2. Select a theme (optional)
If your friends are wine connoisseurs or avid punk music admirers, the theme will be obvious. If you’re entertaining a very eclectic crowd—some coworkers, some elderly relatives, a weird neighbor you happened to invite while waiting for the elevator or a brand-new bae—you’ll have to find something they’re all interested in. Netflix and food will likely be among those things. Otherwise, general knowledge is your best bet.
3. Come up with fun questions
For everyone to have fun, make sure each participant’s expertise is covered. That means having questions about Friedrich Nietzsche and Hugh Hefner, gardening and Outer Banks. Perk for you: You’ll know things like which objects went through the US customs without ever being in another country (moon rocks). A decent way to impress your next Bumble date, right?
A visual round and an audio round will keep things from getting repetitive. During an audio round you can play song clips (covers are a great option!) or movie clips (it’s definitely Arnie’s voice, but which film!?). If you’re feeling sadistic, you can make a “Guess The Accent” round.
Pro tip: If the people you invited know each other (and you) very well, it can be fun to ask personal questions. What is Mark’s record for most hot dogs eaten in a day? Which actor’s abs is John trying to pass off as his own on his Tinder profile? Be kind, though!
4. Establish some rules
Make sure you establish some ground rules. No messing with the quizmaster, no outside sources (you’d thought it would be obvious, but sadly not).
We know that the idea is to have fun, but it might make sense to be a little strict when it comes to timing. Otherwise your virtual trivia might end up dragging on for hours. People have dinner plans with their cats, be respectful.
5. Plan for breaks
Your online trivia group will want to take bathroom breaks and get refills and snacks. Plan a couple of 5- to 10-minute breaks. You can use this time to count the points, socialize or do a glorious DJ set.

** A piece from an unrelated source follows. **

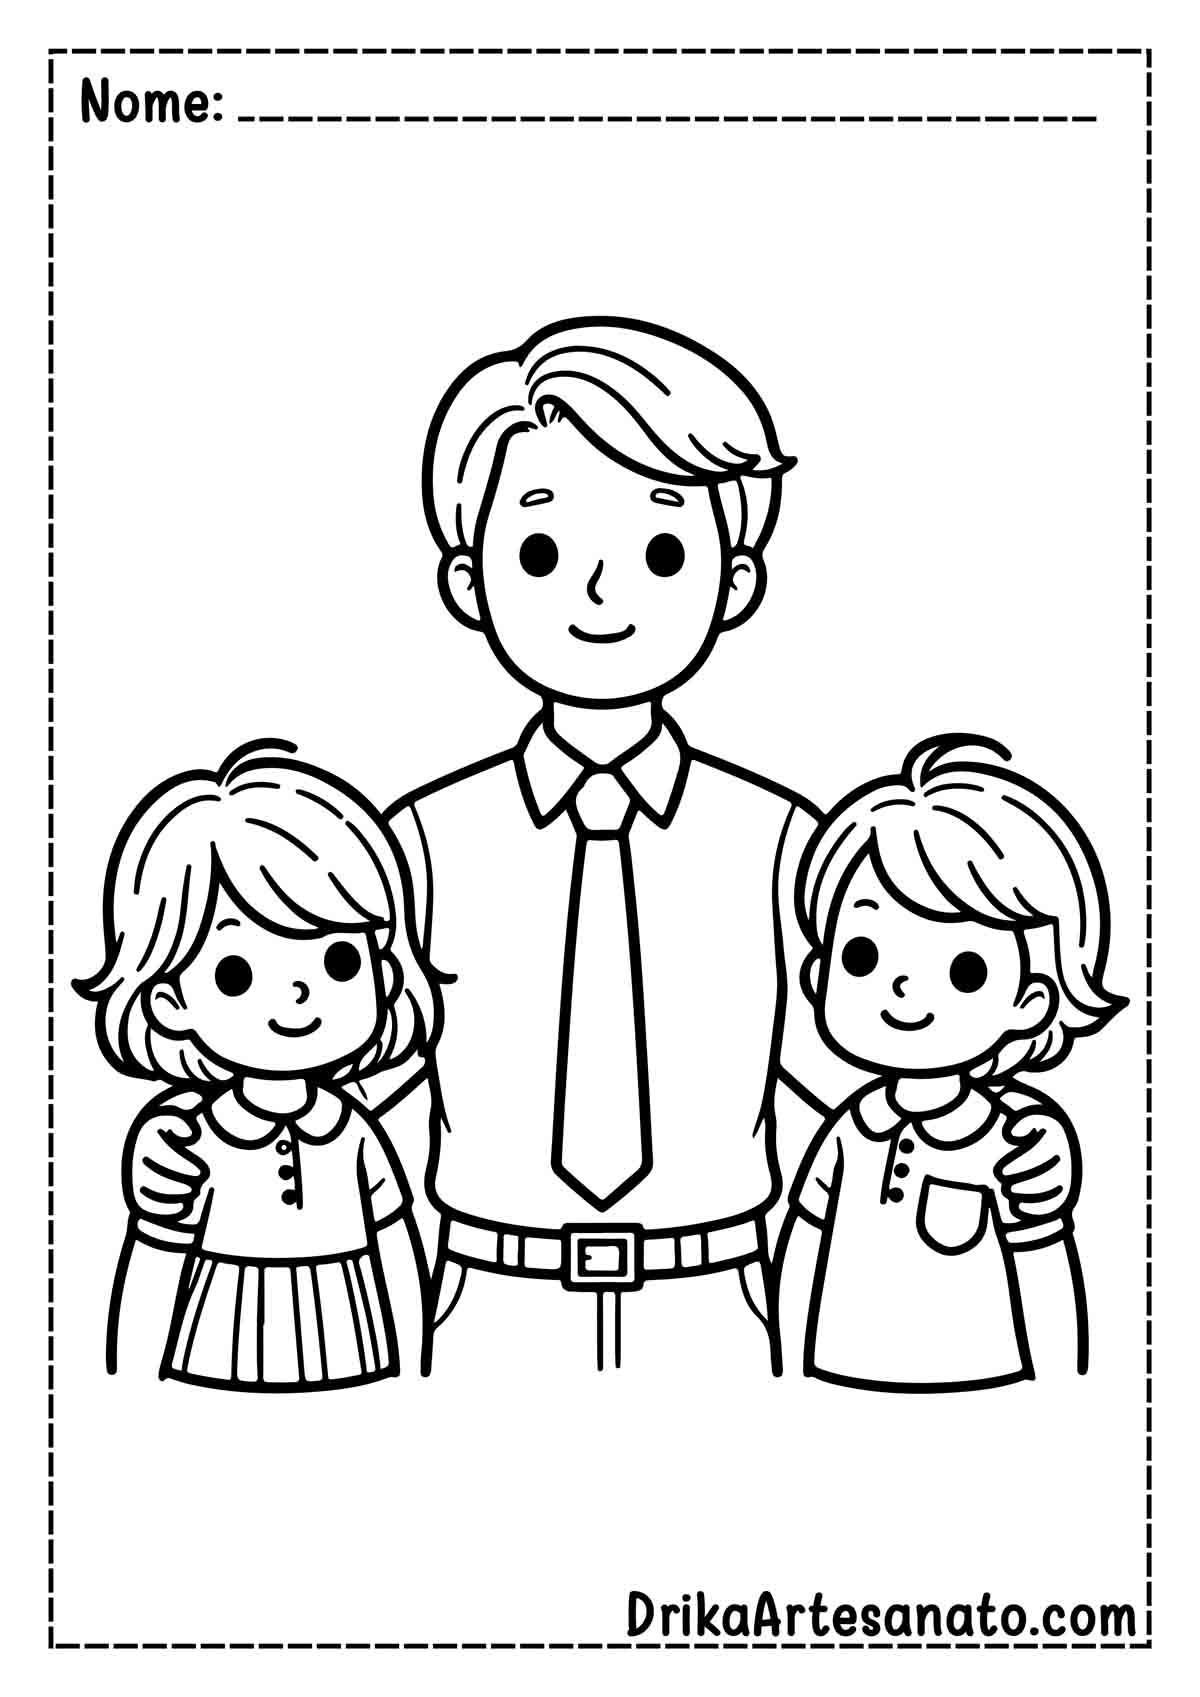 Desenho de Dia dos Pais Fácil para Imprimir

Pro tip: If your guests have never met before, it wouldn’t hurt to think of some ice-breaker questions or fun introductions. Have you ever been mistaken for someone famous? Who has the funniest middle name? (Alexander Boris de Pfeffel Johnson, but we meant from the group.)
Also, you should announce the standings after each break, it will keep things competitive!
6. Figure out the tech aspect
Like with most things, people have strong opinions. Go either with the app/platform you know best or the one that most participants already have installed. Your main options will likely be Skype and Zoom.
A major advantage of Zoom is breakout rooms. They are part of the reason “Zoom trivia” is becoming a frequently used term. Members of each team will be able to discuss their answers without the fear of being overheard. Zoom allows up to 100 participants in one meeting. However, the free plan limits meeting time to 40 minutes. Upgrading to the pro plan will cost you $14.99 a month.
Pro tip: If somebody in your friend group is a student or staff member at a college, they will likely have a Zoom Pro account.
Within Skype, teams can discuss answers in a chat. Other options include having separate team calls (on Whatsapp, Telegram or even a good old phone call) or creating a Google Doc for answer suggestions.
Pro tip: Conveniently, the most popular video conferencing tools have already been compared here.
For submitting and marking answers, we suggest using Google Forms. Create a simple form providing space for a team name and answers. You can use the same template for all of the rounds. The answers can be sent to your email or show up in a Google Spreadsheet. Always a good idea to test it before your online trivia party!
If it sounds like a lot of work, you can just ask the teams to assign a responsible person to email you the answers. They should have the team name and the round number in the subject line.
7. Give out prizes (optional)
If you’re feeling sassy, announce that the losing team will have to take turns cat sitting your fluffy menace or picking you up from the airport for a whole year (again, once the pandemic is over).